Несмотря на эту деталь, офицером капитан оказался самым настоящим. Несколькими четкими короткими фразами, сказанными уверенным, хорошо поставленным голосом, он за полминуты добился того, что расслабившиеся солдаты почувствовали в нем настоящего строевого командира – со всеми прямыми последствиями этого понимания. То, что капитан действительно был химиком (он немедленно доказал это, с ходу заставив их повторить за ним вызвавшие смех слова «метилфосфоновая кислота»), было подсознательно воспринято как недоразумение. Такие люди не сидят в забитых книгами тесных комнатах и не смотрят на сосуды, заполненные булькающими синими и желтыми жидкостями.
Такие водят в атаки роты. Или определяют, в каком направлении должен наступать батальон.

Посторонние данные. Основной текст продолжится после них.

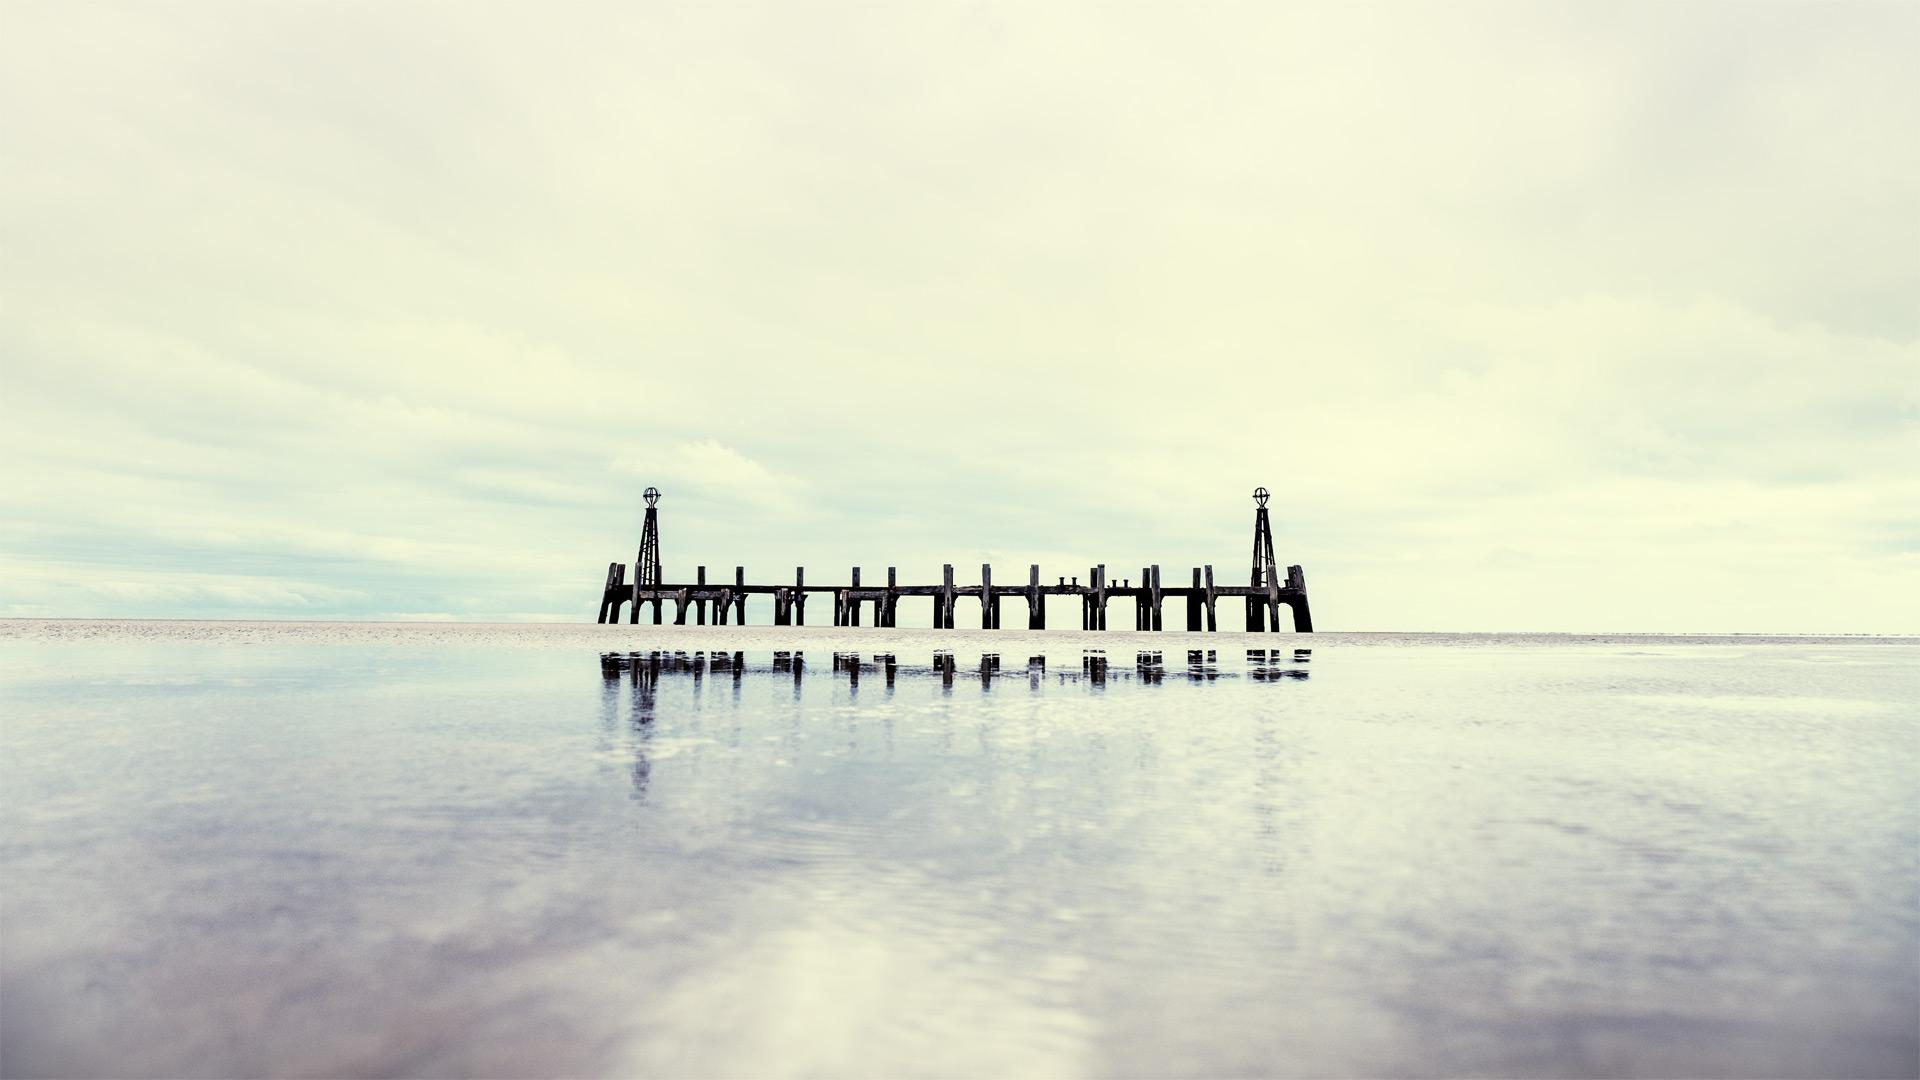 St. Annes Pier / St Annes Pier, St Annes, Show the Original, Landscape Photography, Fujinon XF 16-55mm f/2.8, Fujifilm X-T1, Architectural Photography [st annes pier f]

– «Джи-Би», или зарин, равно как и «Джи-Ди», или зоман – говорил капитан, вольготно развалившись на стуле, – есть совершенно замечательные продукты современной химической науки. Их придумали немцы, а они дураками не были никогда, и химики у них были отличные. Здесь, в Корее, если вы собираетесь наступать, то сколько бы ни длилась артиллерийская и авиационная подготовка, как бы эффективна она ни была, но когда вы поднимаетесь в атаку, враг все равно стреляет в вас из не подавленных этой подготовкой пушек и минометов. Он стреляет в вас из пулеметов и винтовок. Да, танки двигаются в ваших боевых порядках, и танкисты расстреливают огневые точки, но все равно несущегося в вашем направлении летающего дерьма всегда хватает, чтобы за какие-то минут двадцать выпустить кишки одному-другому батальону корейцев, «кэтьюсам»[52 - KATUSA – солдаты-южнокорейцы, проходящие службу в составе американских подразделений согласно договоренностям, подписанным в августе 1950 года.] или же вам самим. Когда вы подходите поближе, ко всему этому присоединяются автоматы и все прочее дерьмо. Я верно говорю? Ничего не перепутал?

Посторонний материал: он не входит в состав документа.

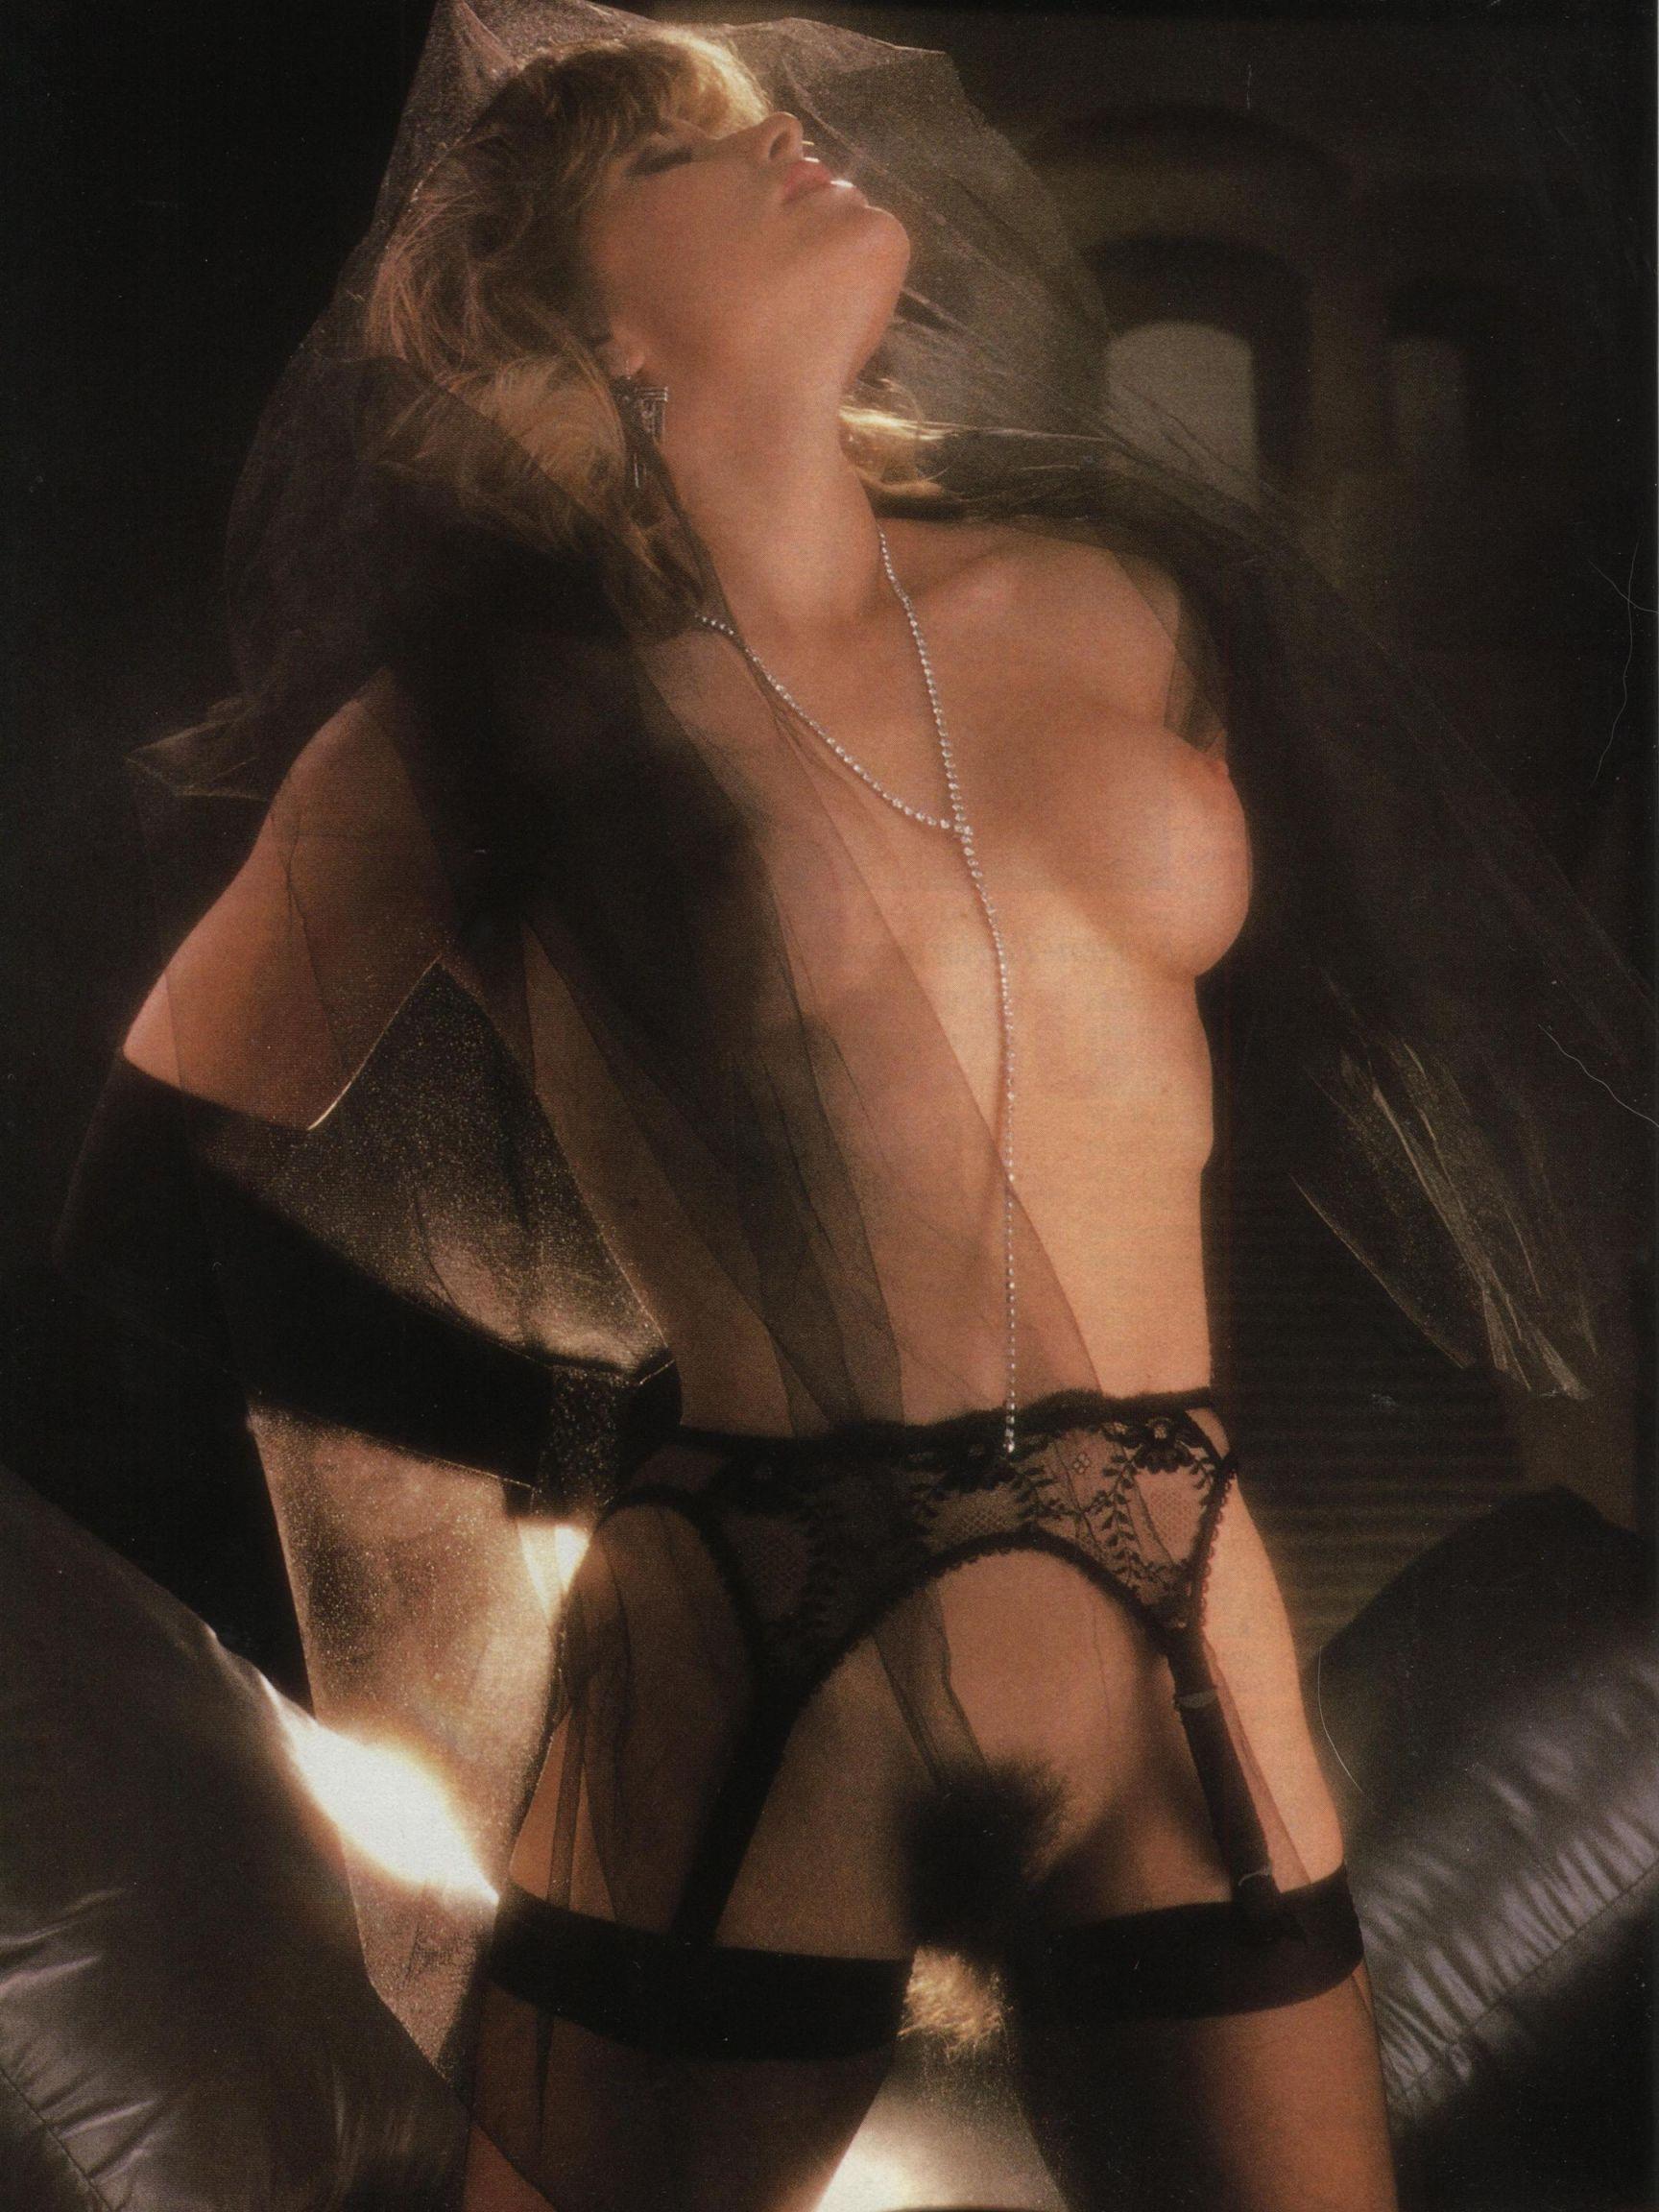 judy norton taylor playboy pics 1985

Интонации у капитана были те же самые, что использовал выступавший до него. Тем разительнее были отличия в реакции слушавших. Впрочем, дожидаться ответа капитан не собирался.

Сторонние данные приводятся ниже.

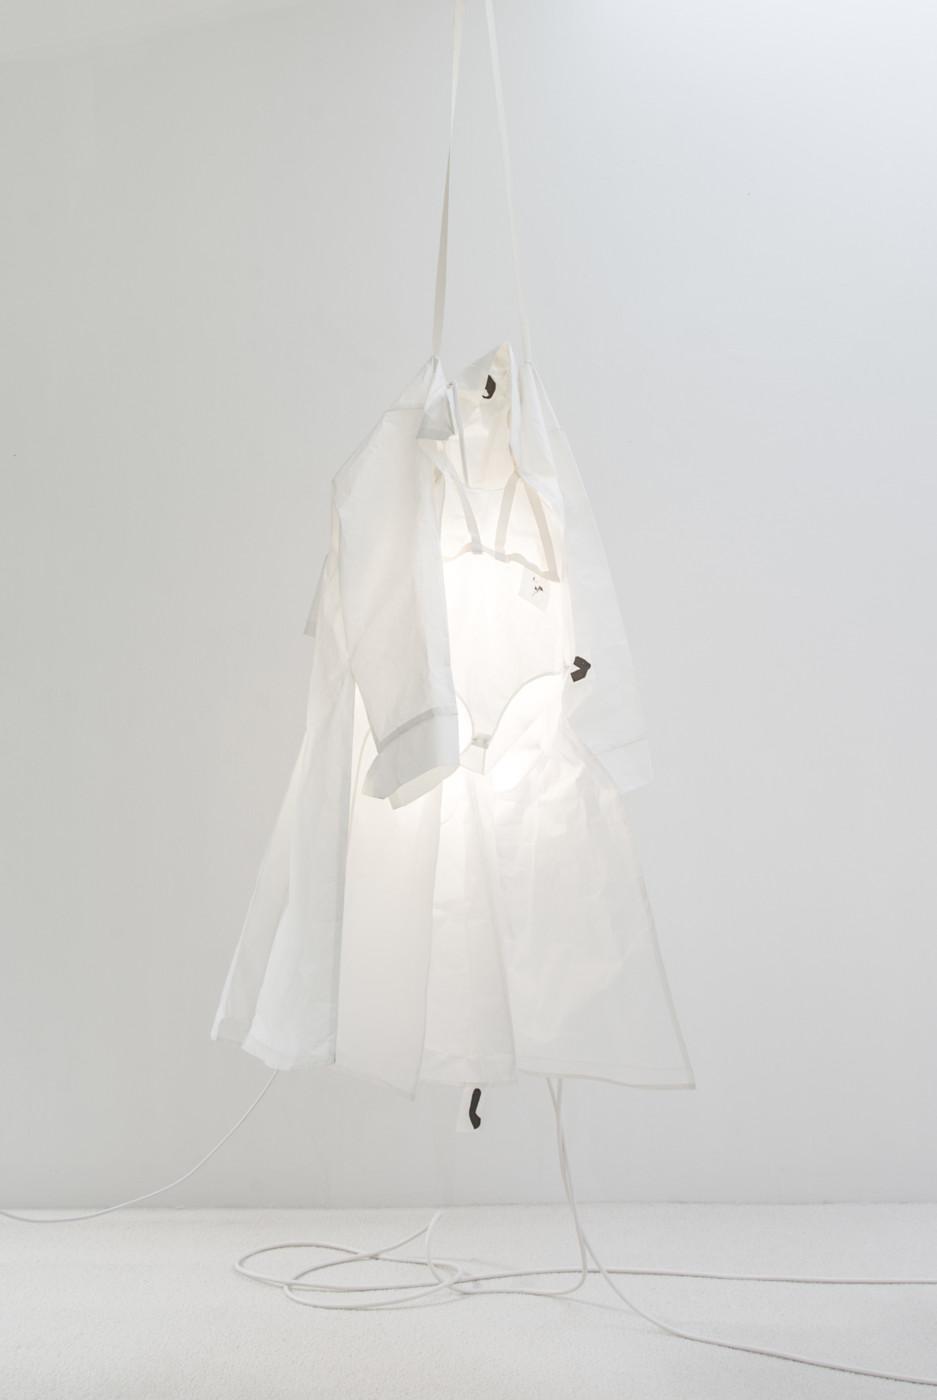 MÉLANIE MATRANGA  F-É-M-I-N-I-N , 2018 Japanese paper, mobile phone, wires 247 x 90 x 60 cm / 97.2 x 35.4 x 23.6 in - High Art Gallery Paris

– Враг сидит в туннелях и ямах, которые умело выкопал совершенно в невероятном количестве, пока вы там ковыряли в носу, ожидая, что война закончится сама собой и вас отправят домой. Но вот если использовать зарин... – продолжил капитан, и голос его приобрел странный, непонятный оттенок, будто кроме них он говорил еще с кем-то невидимым. – Я говорю, если вдруг кто-то его использует, вы знаете, что произойдет? Нет? Я так почему-то и думал...
Он помолчал несколько секунд, то ли собираясь с мыслями, то ли дожидаясь, что кто-то все же возразит. За это время ни один человек не издал ни звука и не шелохнулся.
– Я не собираюсь рассказывать о том, как его производят или хранят, – продолжил капитан. Теперь он говорил спокойно и даже неторопливо: – Это даже у нас является заботой специально обученных людей, к каковым вы, слава богу, не относитесь. И я уже не говорю о противнике. Доставляют его уже проще: в артиллерийских снарядах и минах, в авиабомбах, выливным методом со специально оборудованных самолетов. В любом случае, на позициях рвутся снаряды или мины, и вперемешку с кислым тротиловым дымом по земле ползет эдакий прозрачно-красноватый, знаете ли, туман... А потом люди начинают умирать. Противогазы почти не помогают – зарин, как и любой нормальный фосфорорганический яд, сравнительно неплохо впитывается через кожу и уж совсем хорошо впитывается через раневую поверхность. Сначала человек просто чувствует, что что-то не то. Так чувствует себя крыса, когда ее травят стрихнином. Она замирает на открытом пространстве и задумывается – это очень похоже. Потом ощущаешь резкое головокружение, и вдруг начинает литься пот. Ручьями, как будто ты в турецкой бане или где-то еще. Начинает тошнить, руки тяжелеют до такой степени, что их нельзя поднять, а потом они начинают как будто жить своей собственной жизнью – ты ими уже не управляешь. Если полученная доза составляет больше одной десятой грамма... Черт, это такая малая часть унции, что местный москит гадит больше... Тогда легкие начинают разрываться от рези.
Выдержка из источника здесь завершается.